To say it nicely, the oil-and-gas industry has hit a bit of a rough patch. Unfortunately, it does not appear that any sustainable level of rebound will take place in the immediate future.
In response to these concerns, Wells Fargo has set aside $1.2 billion to prepare for any potential losses due to the oil-and-gas sectors. They warned that trouble is brewing, and this course of action shows that they are not willing to take any chances.
The San Francisco-based bank stated in a regulatory filing that 10 percent of its loan loss reserves are tied to the oil-and-gas industry, despite the fact that these loans only account for 2 percent of its overall loan portfolio.
Understandably so, many investors are now wondering whether Wells Fargo will get burned badly by the oil-and-gas sector.
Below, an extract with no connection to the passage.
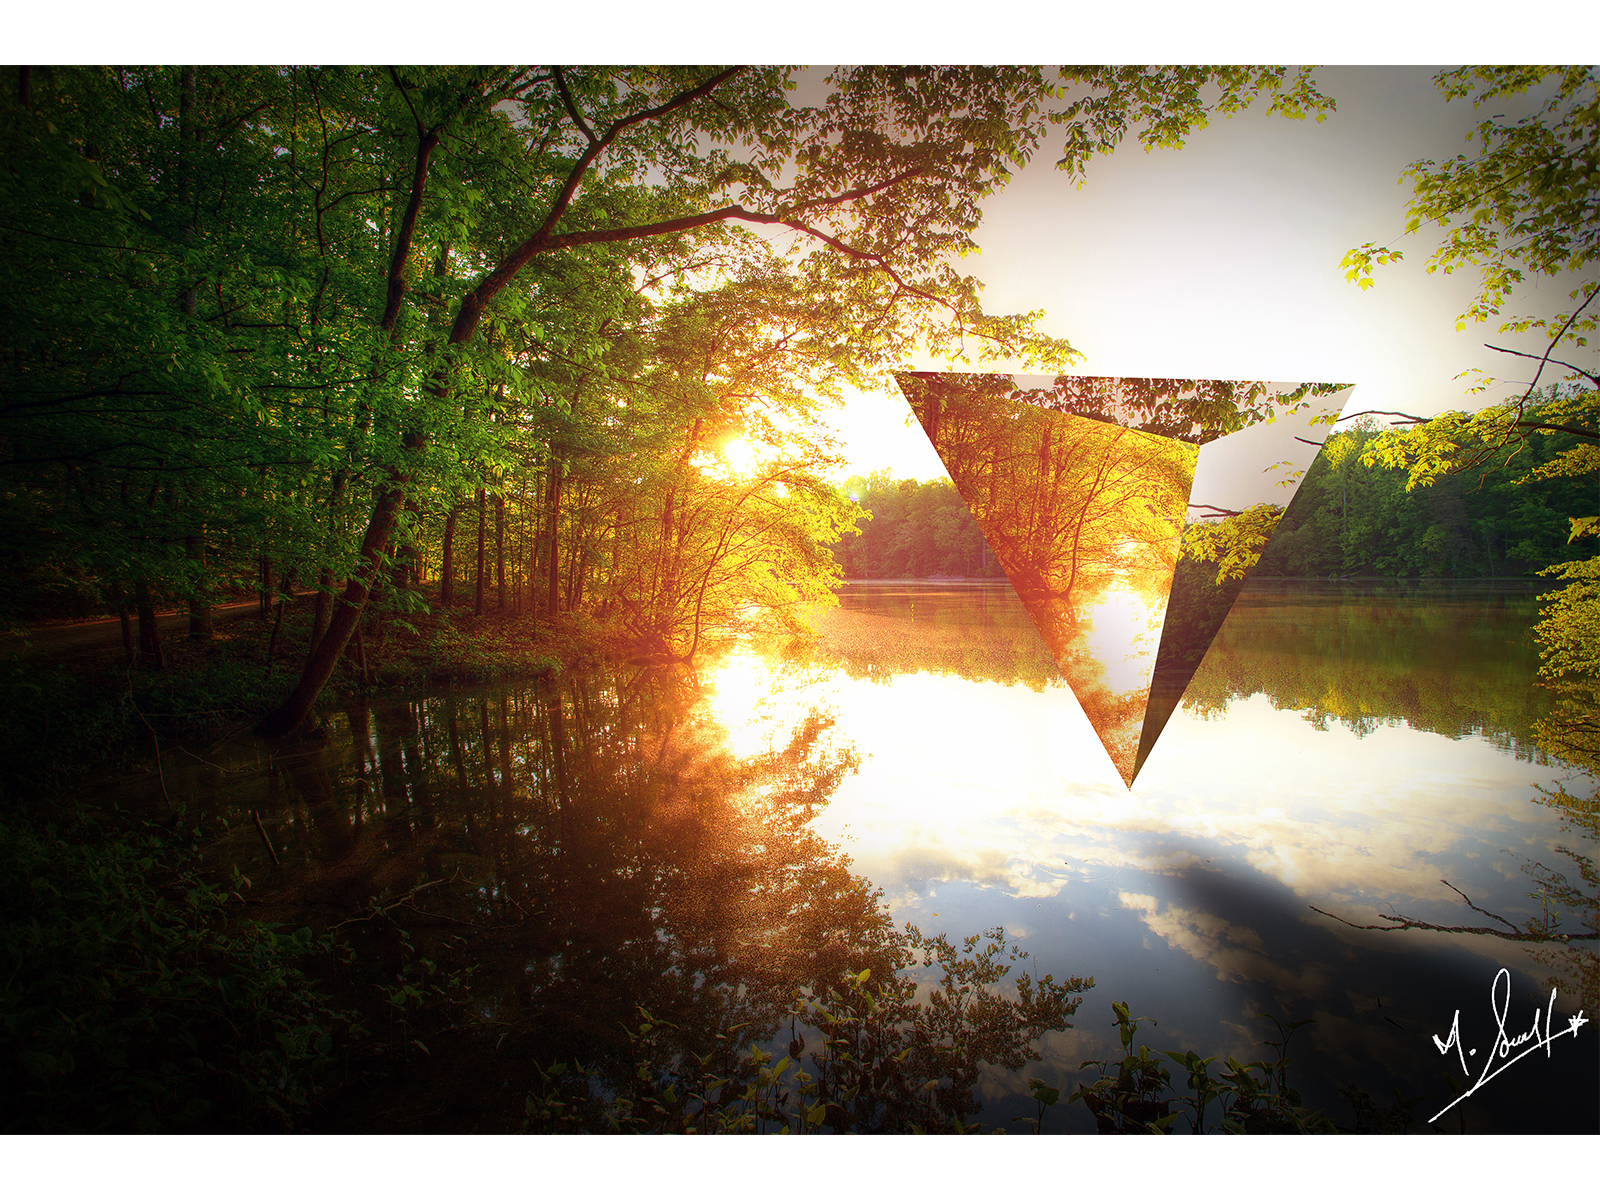 Prism Reflection with Lake by Muhammad Soban on Dribbble

The Wall Street Journal pointed out earlier this week that Wells Fargo regulatory filing was the first time the bank has offered details on its potential oil-and-gas credit losses.
John Stumpf, Chairman and CEO of Wells Fargo, had even more bad news on the energy front.
“If oil prices remain low for a prolonged period of time, there could be additional performance deterioration in our oil and gas portfolio resulting in higher criticized assets, nonperforming loans, allowance levels and ultimately credit losses,” Wells Fargo stated in the filing.
But thats not all, the problem could actually be even worse, affecting even more people in the industry. Wells Fargo, which has major operations in oil patch states, such as Texas and North Dakota, said that the loans for those working in the energy sector may also experience some credit challenges.
Wells Fargo’s next earnings call is scheduled for April 14. We can be sure to expect that the bank’s exposure to the energy sector will be a hot topic.